The potential of hybridization capture to permit species identification in challenging leathers

Leather items, such as boots and wallets, are often made legally from mammal or reptile skins, but can also be made illegally from endangered species (sea turtles, Chinese alligator). In forensic wildlife casework, identifying the source species of leather evidence items can be particularly challenging, especially when items are small or when morphological characteristics only permit identification to a higher taxonomic level. When morphological species identifications cannot be made, wildlife forensic scientists often have to rely on genetic analysis to determine whether the item was made from a protected species. However, the series of chemicals used on animal skins in the leather-making process degrade DNA, making it highly fragmented and yielding low success (~30%) using standard PCR-based genetic methods. One potential solution to glean informative genetic information from severely compromised biological samples is to use new highly sensitive molecular methods, such as hybridization capture coupled with next-generation sequencing.

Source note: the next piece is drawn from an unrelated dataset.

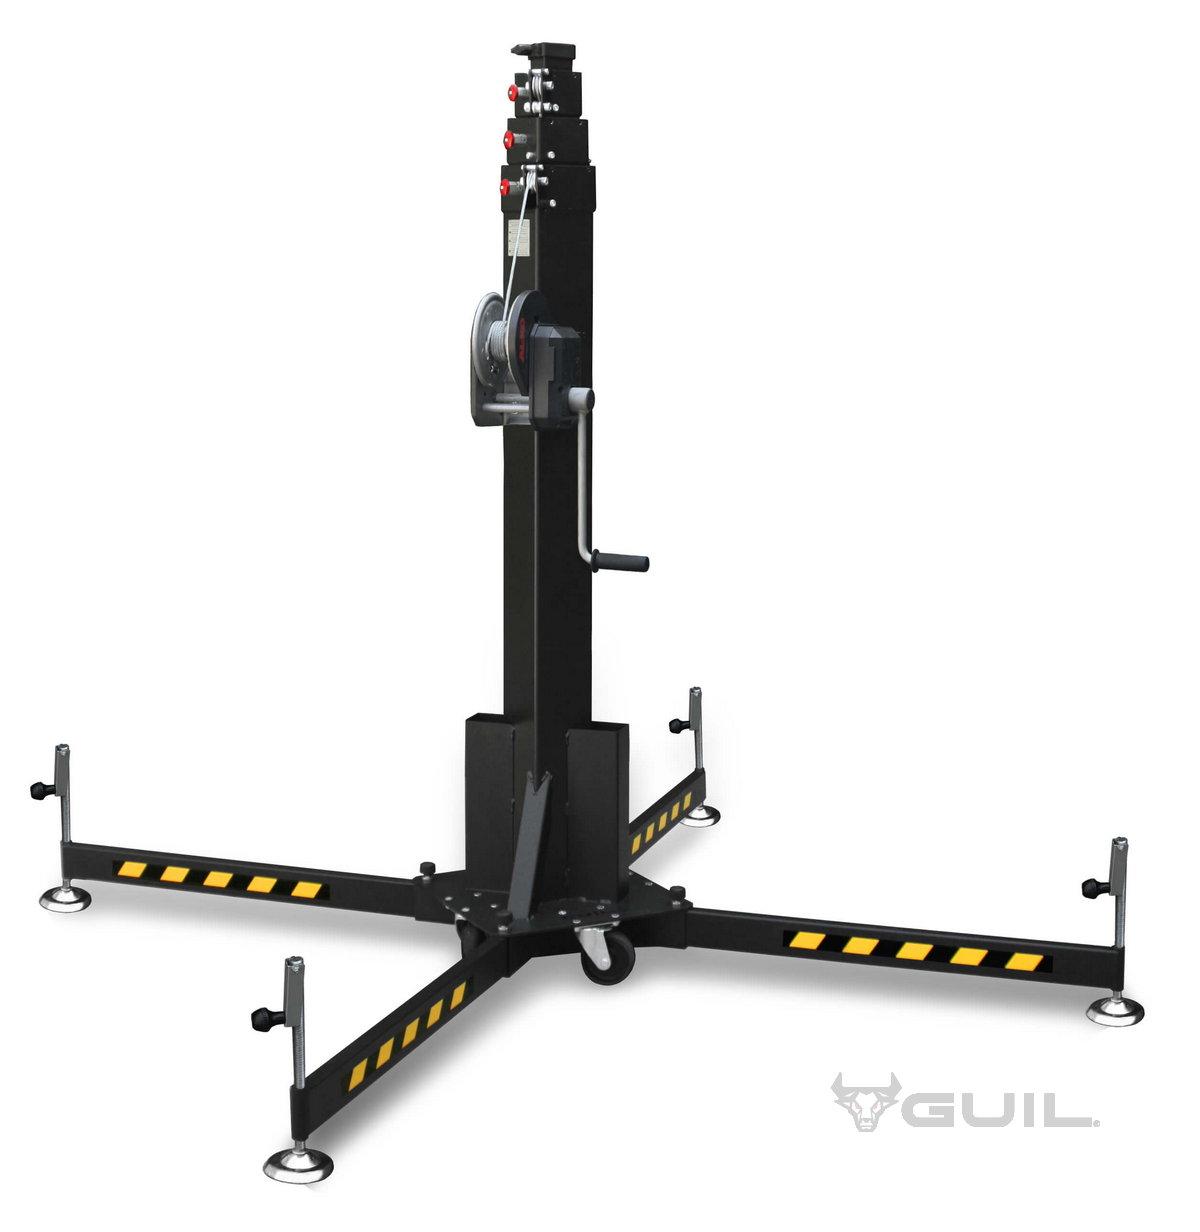 Materiaallift 1,8-5,2 m 280 kg (dutch) (1)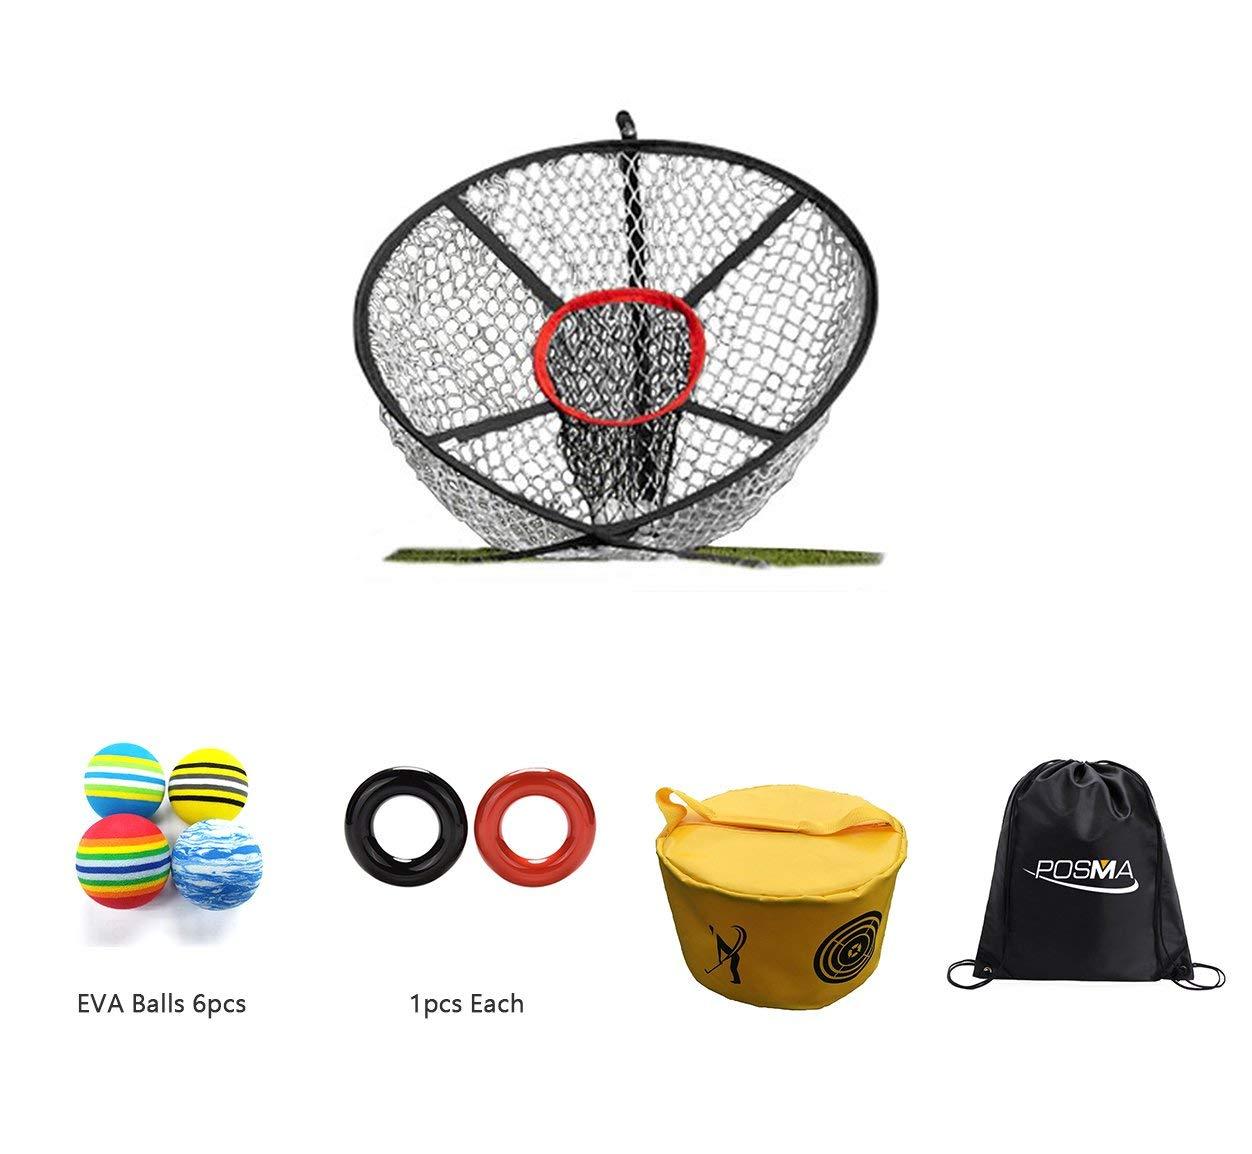 POSMA CN040H Golf Elite Chipping Net Bundle Set With Golf EVA Balls + Weight Power Swing Ring Red and Black(1pcs Each) + Golf Hitting Bag Swing Impact Power Smash Bag + Cinch Sack Carry Bag

In this proposed study, a custom hybridization panel will be designed from full mitochondrial genomes to encompass ~50 species typically found in leather, especially those protected by the Convention on International Trade in Endangered Species of Wild Fauna and Flora (CITES) and the Endangered Species Act (ESA). DNA extracts from adjudicated leather material (n, 200) will be processed using an existing workflow, which briefly involves a) converting DNA into sequencing libraries, b) subjecting libraries to hybridization capture using the custom panel to enrich the mitochondrial genome from highly fragmented leather DNA, c) sequencing enriched mitochondrial DNA fragments using Illumina technology, and d) analyzing the resulting reads using an established data analysis pipeline. Success will be compared to results obtained from standard PCR-based methods, and a cost benefit analysis will be performed. 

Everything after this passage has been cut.